ENGL 103 and 104 are designed for students beginning the serious study of literature at the college level, and as such are especially appropriate for first-year students. Either ENGL 103 or ENGL 104, or junior standing, is a prerequisite for further study in English at Kenyon. Students may register for a maximum of 1 unit of 100-level courses in English, and students may not go back to take a 100-level course after taking a 200-level course.
Students who have taken ENGL 103 or ENGL 104 should advance to one of the courses numbered 210-289. These courses have been designed for and are limited to sophomores and first-year students. Like the department's 100-level courses, these classes are small in size, so that classroom interaction can be discussion-centered and so that instructors can devote more time to helping students with their writing. These courses provide an introduction to fundamental terms, techniques, and methods for the advanced study of literature. Students may expect to learn some of the following: how to do a close reading of a literary text, how to conduct research in literary study (including an introduction to library and information resources, and basic reference tools), some of the basic principles of different approaches to literary criticism, important terms used in literary analysis (including prosody in poetry courses), and the proper documentation of sources. While the subject matter of these courses sometimes parallels that of courses for upper-level students (e.g., Shakespeare, postcolonial literature), all are intended as introductions to a focused and intensive consideration of particular genres, themes, periods, or critical questions.

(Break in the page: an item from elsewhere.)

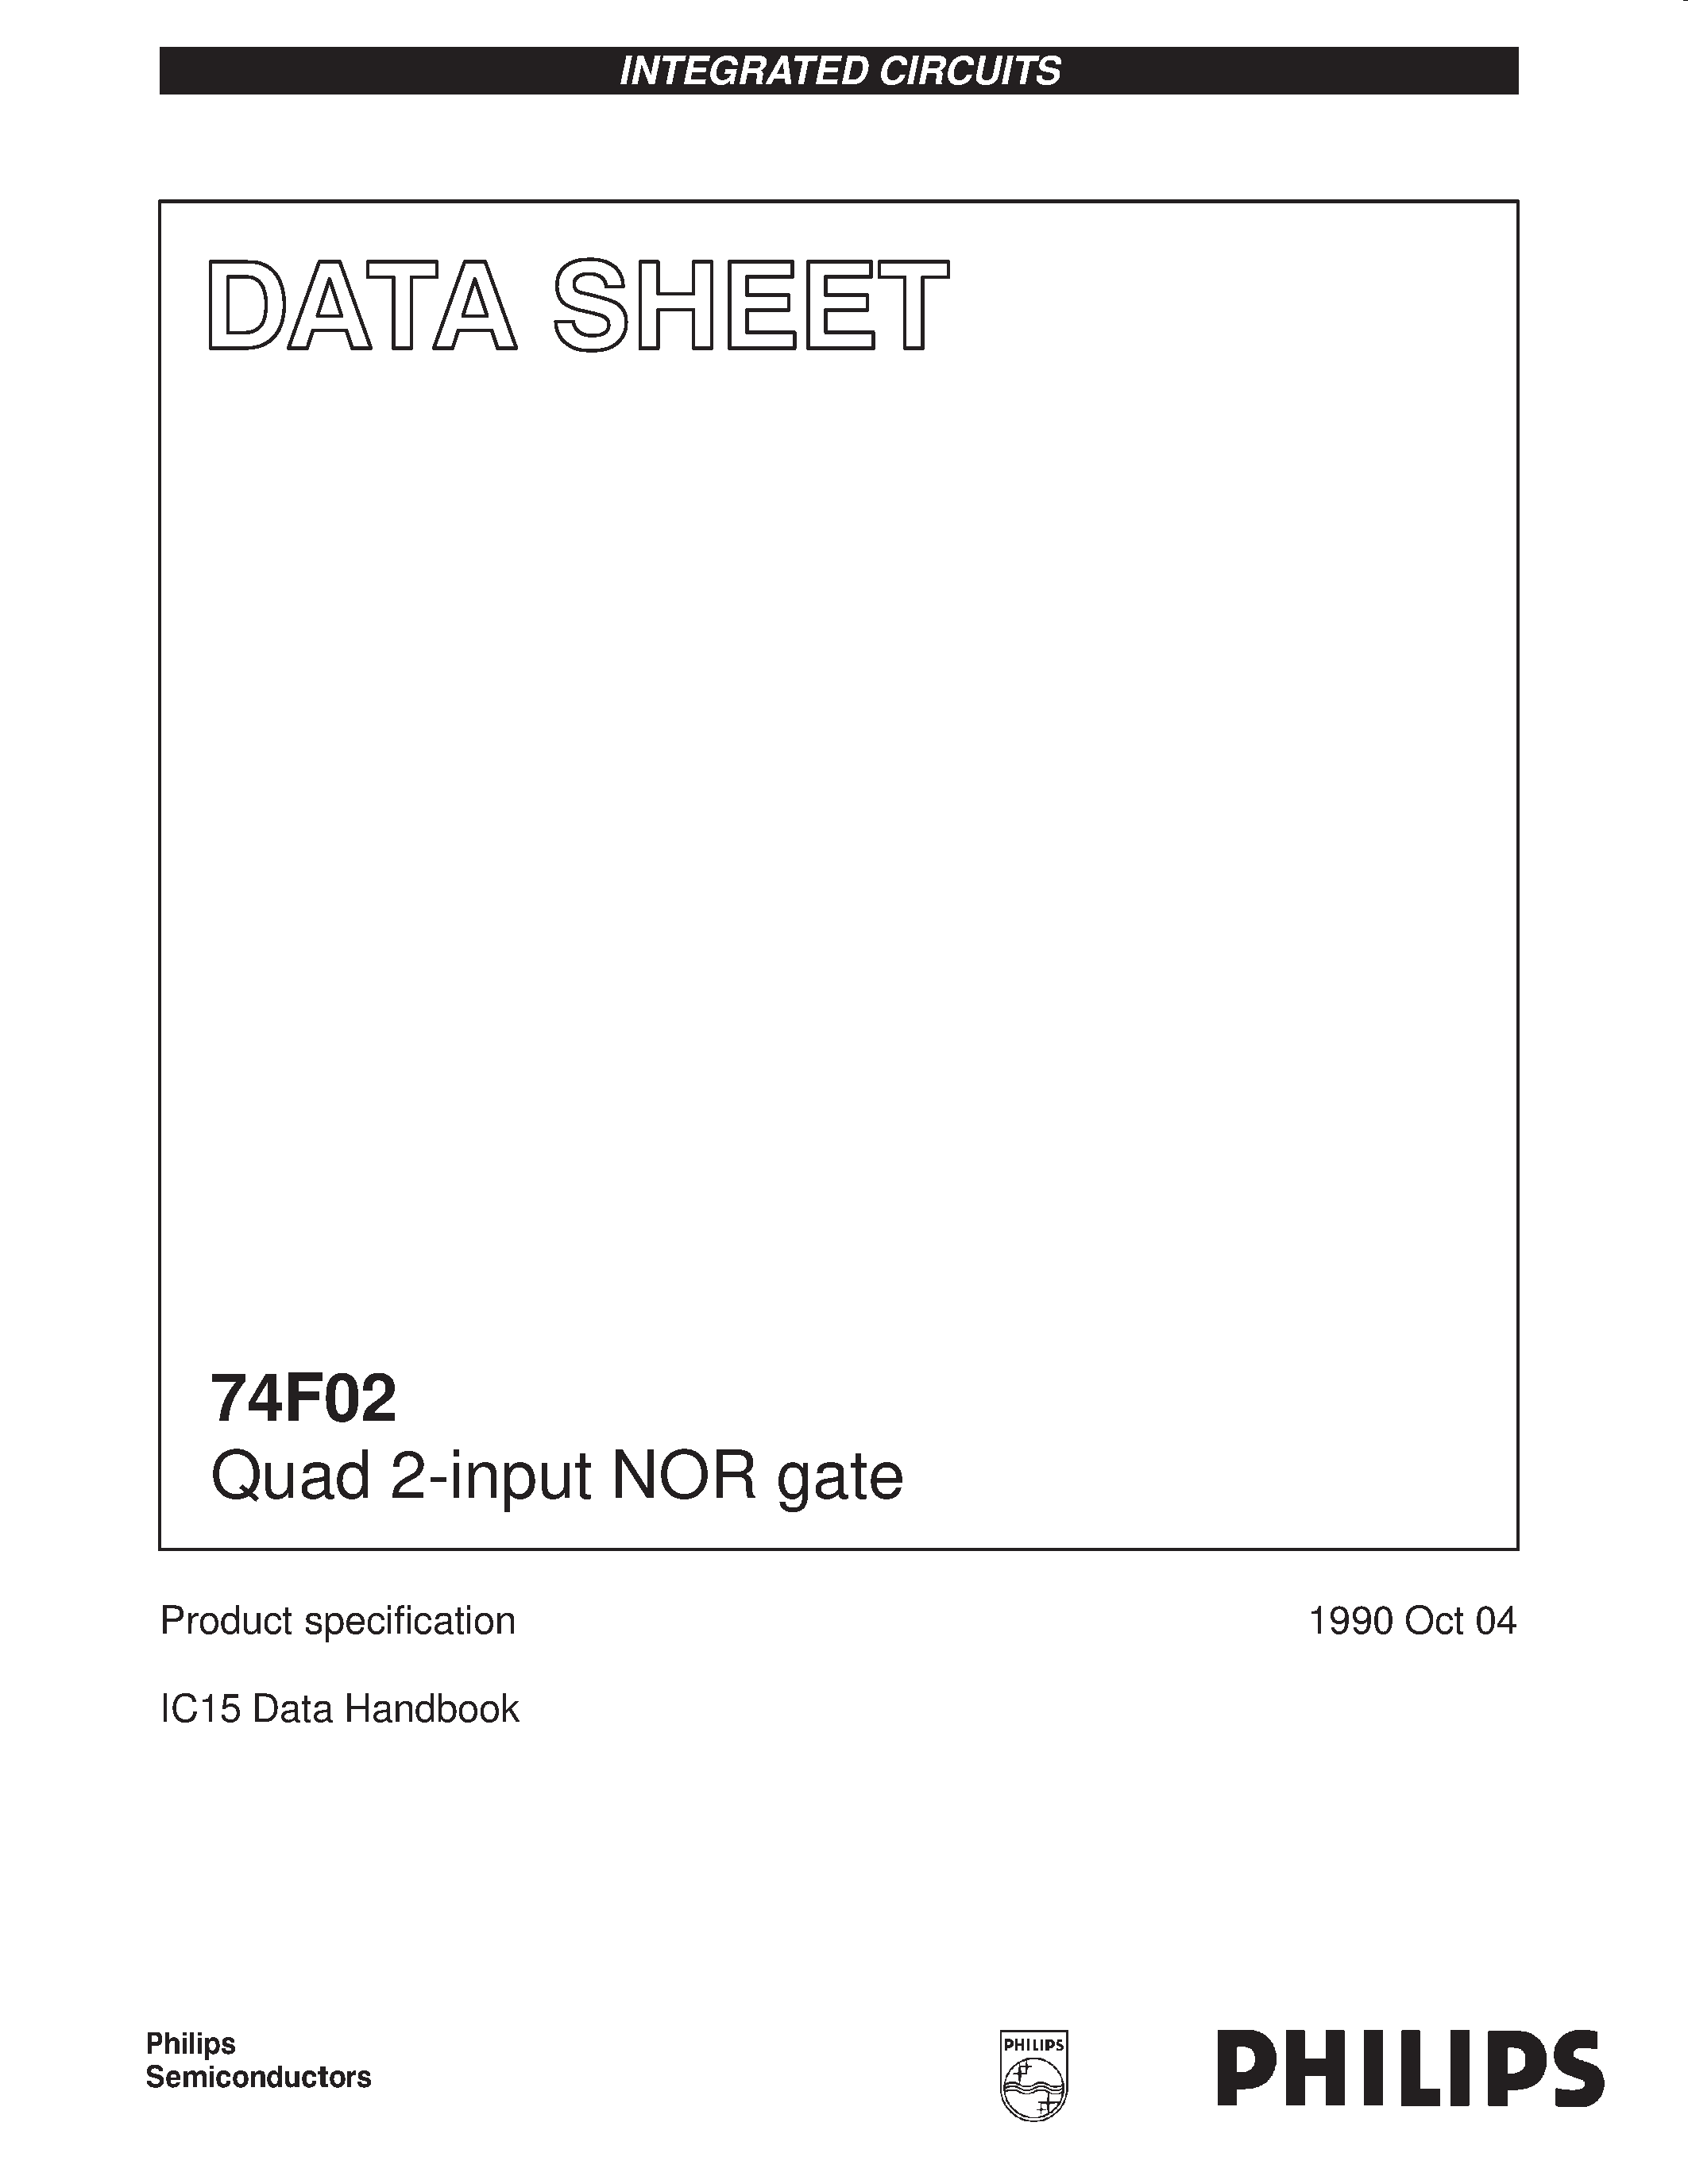 Даташит 74F02 - Quad 2-input NOR gate страница 1

These are courses grounded in the advanced study of literature in English, as well as in the variety of critical and theoretical approaches to literature. These courses examine literary works from a range of historical periods, written in a wide variety of genres, and contributing to different national traditions. Through the reading of influential critical books and articles or through the instructors' modeling of different critical practices, these courses aim to teach students about the various modes of literary criticism, theory, and scholarship that constitute the current state of literary study. Thus, these courses aim to make students critically self-aware. Some of these courses will situate literary texts in their historical and cultural contexts. Others will focus on the formal concerns of genre and style. Many will require that students conduct independent research. When the subject matter of these courses overlaps with that of an ENGL course numbered from 210 to 289, these courses will provide more intensive critical study than the broad introductions of the lower-division courses. By taking courses at both curricular levels, students will thus have the opportunity to specialize in a period or genre. The prerequisites for these courses are ENGL 103 or ENGL 104 and an ENGL course numbered from 210 to 289. For students with junior standing, the course prerequisites are waived, since such students have typically written enough analytical essays to be prepared for advanced work in literary study. While these courses will constitute the bulk of the coursework of most English majors, non-majors are encouraged to enroll since contemporary literary study frequently draws upon knowledge and techniques from other disciplines.